Connection: Sentiment analysis, hate-speech detection, and social media monitoring systems all rely on this kind of preprocessing. The placeholder tokens ([USER], [HASHTAG], [URL]) can later be treated as special tokens by the model.

# Social media text normalizer
social_media_normalizer = normalizers.Sequence([
    normalizers.Replace(r"@\w+", "[USER]"),           # Replace mentions
    normalizers.Replace(r"#\w+", "[HASHTAG]"),        # Replace hashtags
    normalizers.Replace(r"https?://\S+", "[URL]"),    # Replace URLs
    normalizers.Replace(r"  +", " "),                 # Multiple spaces
    normalizers.Strip(),                               # Trim
    normalizers.Lowercase()                            # Lowercase
])

social_texts = [
    "Hey @john check out https://example.com #awesome",
    "RT @user: This    is   cool! #AI #ML",
    "  Follow me @alice for more #content  "
]

print("Social Media Text Normalization:")
print("=" * 60)
for text in social_texts:
    normalized = social_media_normalizer.normalize_str(text)
    print(f"Original:   {text}")
    print(f"Normalized: {normalized}\n")

Part 2: Pre-tokenization

Pre-tokenization splits text into words or subword units before the model processes it.

2.1 Whitespace Pre-tokenizer

What: Split text on whitespace boundaries using pre_tokenizers.Whitespace(), which also separates punctuation from adjacent words.

Why: Pre-tokenization defines the initial word boundaries that the subword model (BPE, WordPiece, Unigram) will then further split.
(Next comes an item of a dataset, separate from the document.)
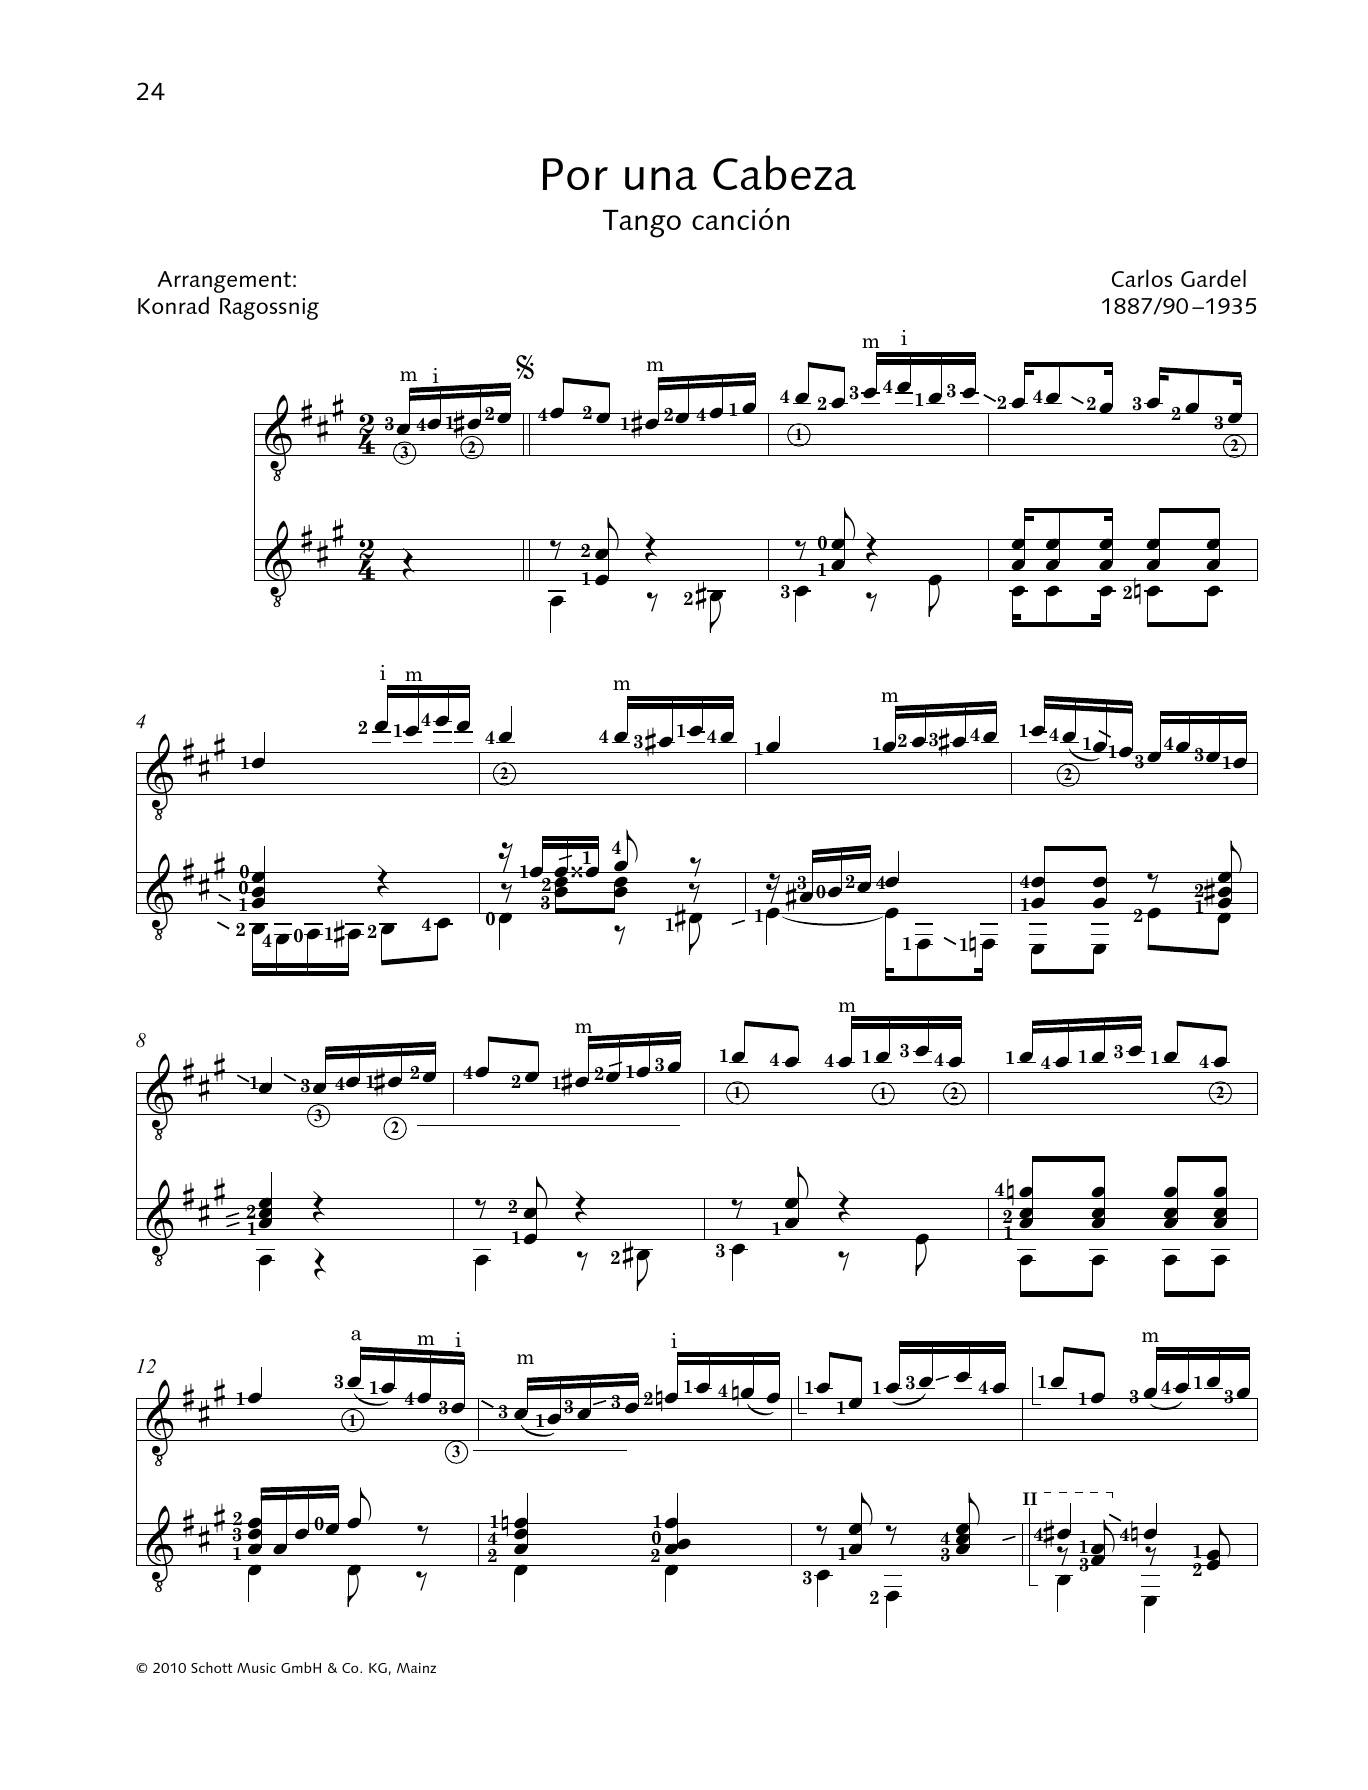 Download Carlos Gardel Por Una Cabeza - Full Score Sheet Music

The Whitespace pre-tokenizer handles the common case where words are space-separated and punctuation should be its own token. Crucially, it returns (token, offset) tuples so that every pre-token can be traced back to its exact position in the original string.

whitespace = pre_tokenizers.Whitespace()

text = "Hello world! How are you?"
pre_tokenized = whitespace.pre_tokenize_str(text)

print(f"Text: {text}")
print(f"\nPre-tokenized (word, offset):")
for word, offset in pre_tokenized:
    print(f"  '{word}' at {offset}")

2.2 WhitespaceSplit vs Whitespace

Whitespace: Splits on whitespace and keeps punctuation with words WhitespaceSplit: Only splits on whitespace

text = "Hello, world! How are you?"

whitespace = pre_tokenizers.Whitespace()
whitespace_split = pre_tokenizers.WhitespaceSplit()

print(f"Text: {text}\n")

print("Whitespace (splits on spaces, keeps punctuation):")
for word, offset in whitespace.pre_tokenize_str(text):
    print(f"  '{word}'")

print("\nWhitespaceSplit (only splits on spaces):")
for word, offset in whitespace_split.pre_tokenize_str(text):
    print(f"  '{word}'")

2.3 ByteLevel Pre-tokenizer (GPT-2 style)

Converts all characters to bytes and splits on whitespace. Handles any Unicode character.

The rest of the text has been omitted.